While the soup simmers, we all move into the dining area where Lee has set up a long working bench flanked by bar stool type chairs and set against a wall covered with pans, pots, saucepans, strainers, skillets and utensils. A wall of window affords a sweeping view of Upper West Side Manhattan. In the living room - framed photos of her travels in China and a clipping from an article about her in The New York Times.
We're in a real home, and it sounds like a real home. The five couples who signed up for the class seem to have forgotten that they're both students and strangers, and are chatting, laughing and helping each other cut, peel and pass over tastings. The fact that Lee's classes are taught in her home definitely helps ease the mood, and makes the atmosphere more intimate and relaxed, without sacrificing professionalism.
One assistant is constantly helping us speed up the cutting process and cleaning the dishes as Lee doles out her healthy eating tips. Hold the processed dressings, ketchup or pre-packaged items, she suggests, and spend the extra five minutes it takes to cut up fresh herbs or whip together a light, flavourful dressing.

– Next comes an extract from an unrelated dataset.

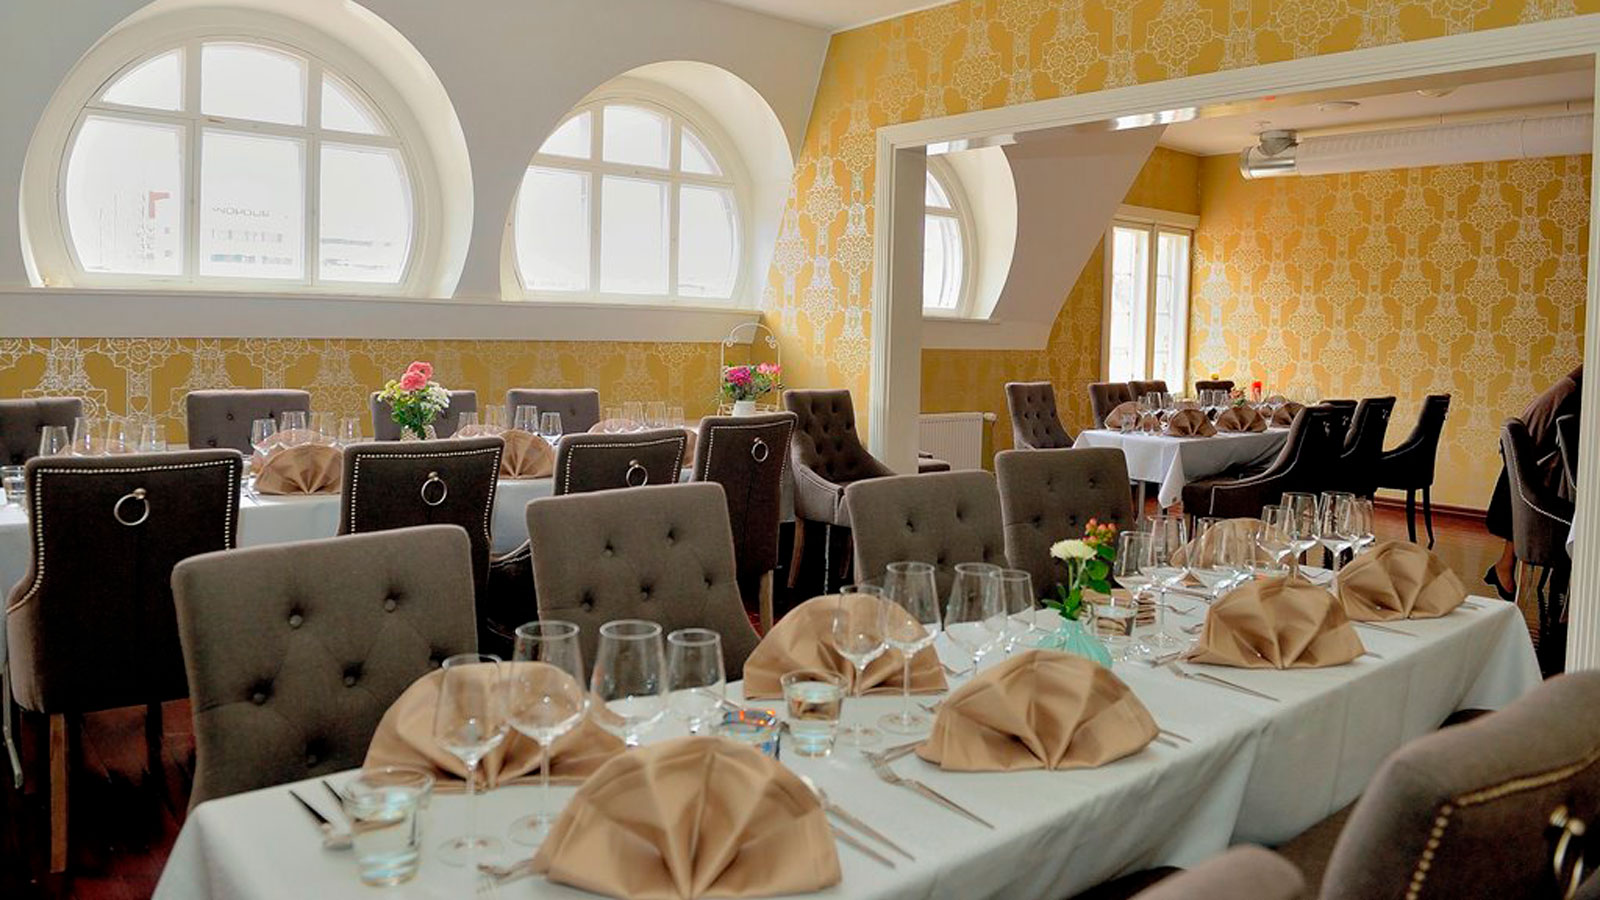 Restaurant Harmooni's tables.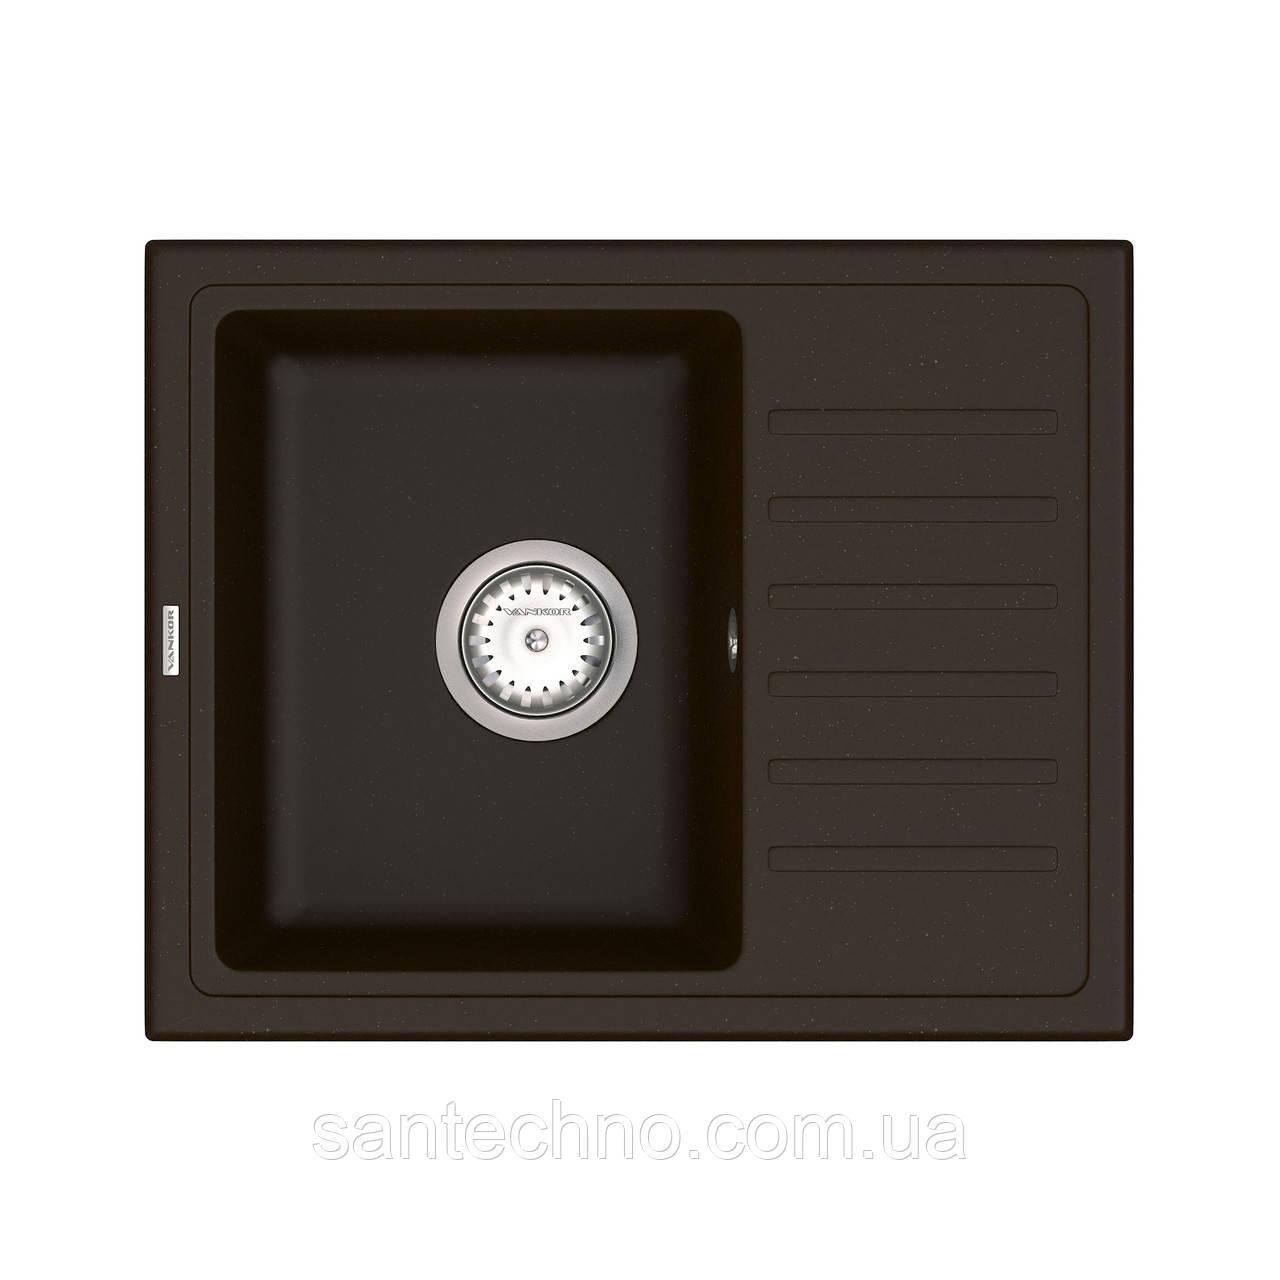 Прямокутна кухонна мийка коричнева VANKOR Lira LMP 02.55 Chocolate + сифон VANKOR

Each class is about four hours long, and they all follow the "cook for taste, eat for health" theme. But always with a different menu. Some days she focuses on meat, others on seafood. Most classes are Chinese inspired, but also change depending on Lee's own inspiration and local market selection. Usually a class consists of no more than 10 people and are fully participatory, which allows everyone to take part. Private classes can also be arranged.
In four hours, we manage to prepare - and eat - the vegetable soup, penne arrabiata, chopped salad with lemon sherry vinaigrette, three kinds of pan roasted steak (including a melt-in-your mouth prime filet mignon), and pearl balls - a different side dish with rolled and steamed balls of ground pork, ginger, scallion, sherry, water chestnut powder, soy and sweet rice.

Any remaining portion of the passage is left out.